Tūru=Din devint encore plus rouge et baissa la tête.
Rimi=Ruu, qui s'accrochait au bras d'Ai=Fa, regarda cela avec satisfaction, puis se tourna vers Darumu=Ruu.
« Darumu-nii ? Toi aussi, tu t'inquiétais pour Rimi et Reyna-nee ? »
« … Ce n'est pas le genre de chose dont je m'inquiète. Si Reyna part en vrille, Mīa=Rei la grondera comme il faut. »
Cette fois, c'est Reyna=Ruu qui rougit et fit mine de frapper son frère : « Mō ! »
Darumu=Ruu fit semblant de ne pas voir, les bras croisés.
« De toute façon, je ne suis pas kamado-ban. Je pense à peu près comme Ai=Fa. Certes, ce Varukasu m'a surpris, et je pense qu'il est bon, mais ce que nous désirons, c'est la cuisine des kamado-ban de la lisière. »
Après avoir dit cela, Darumu=Ruu jeta un coup d'œil à Shīra=Ruu à côté de lui.

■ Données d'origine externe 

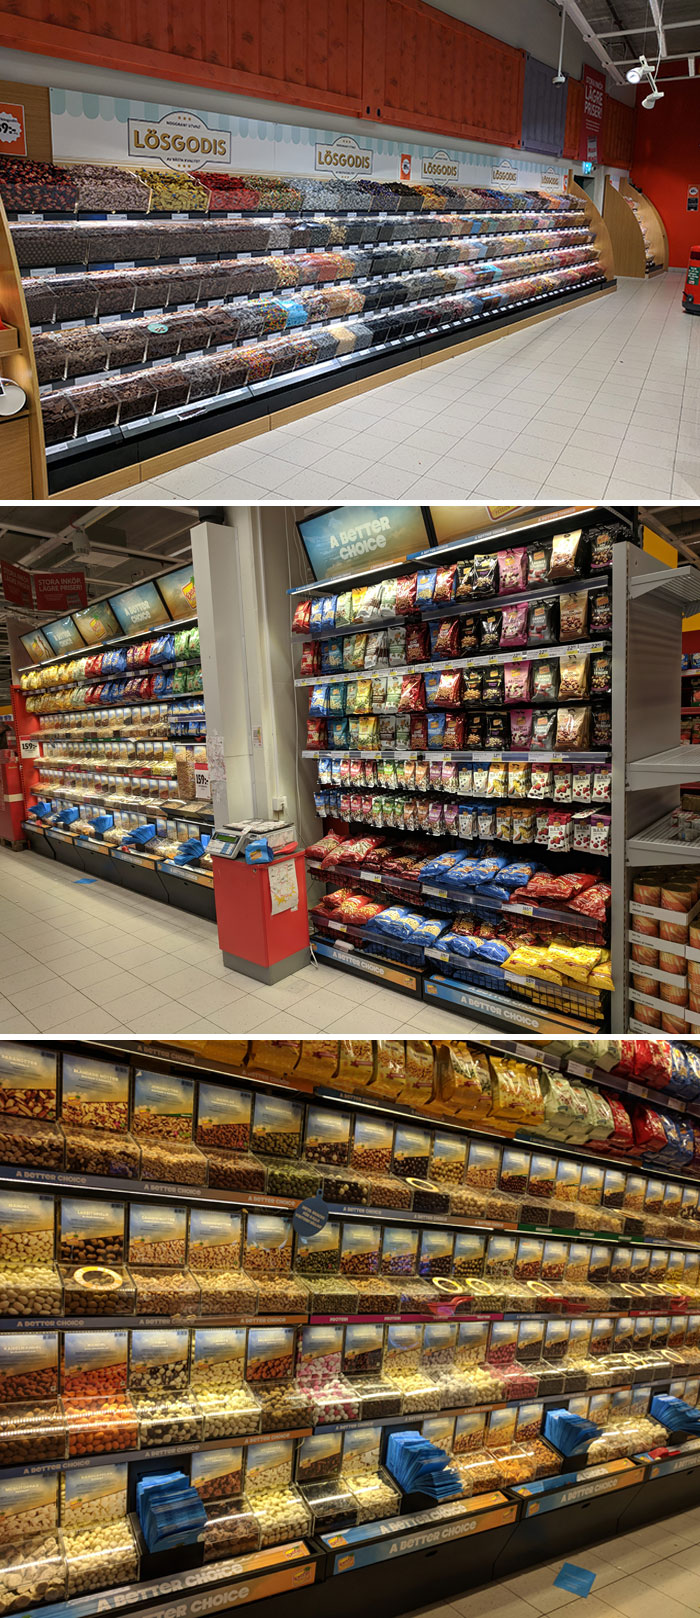 Candy In Sweden. This Is A Common Candy Section That Exists In Every Supermarket In Sweden
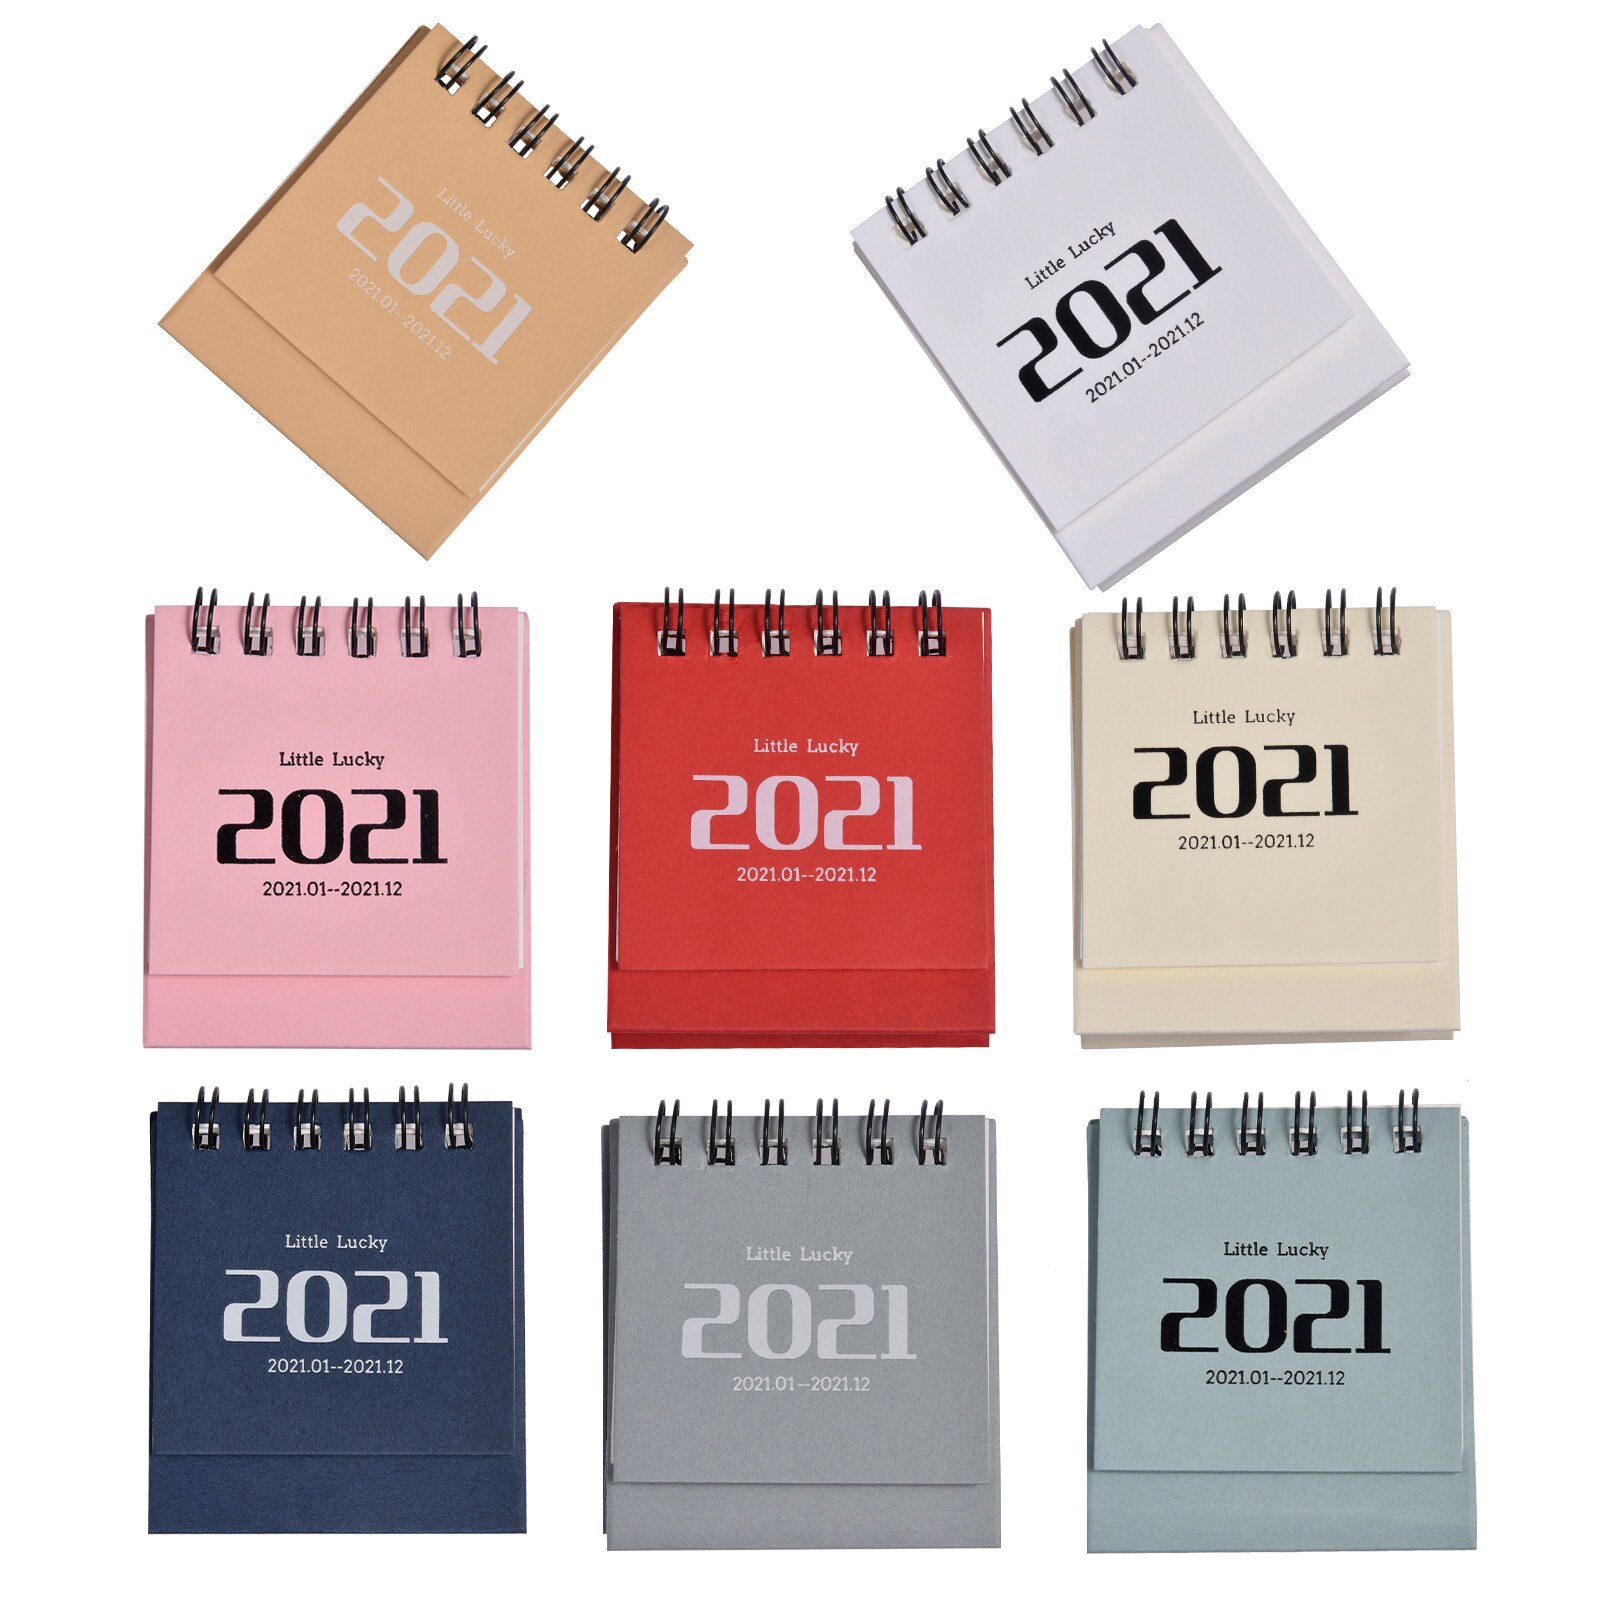 Mini Calendars Small Desk Calendar Convenient Daily Schedule Table Planner Yearly Organizer Office School Supplies

« Surtout, avec cette quantité, mon estomac n'est pas rempli. Tu ne vas pas me dire de dormir le ventre vide, j'espère ? »
« Ma foi. Darumu, tu as encore faim ? Il est déjà tard, je ne pourrai faire que quelque chose de simple. »
« Même comme ça, je ne perdrai pas contre la cuisine de cet homme. »
S'il y avait eu Rudo=Ruu ou Rara=Ruu, des moqueries auraient fusé sur-le-champ.
Rimi=Ruu ne fit que rire « Ahaha » joyeusement.
Quoi qu'il en soit, la cuisine de Varukasu avait sans doute stimulé tous les kamado-ban.
Bien sûr, moi aussi, je suis plus que jamais stimulé. Varukasu est pour nous une existence de ce calibre.
Je veux faire une cuisine encore plus délicieuse. Ce soir fut une nuit où une passion aussi simple fut pleinement attisée.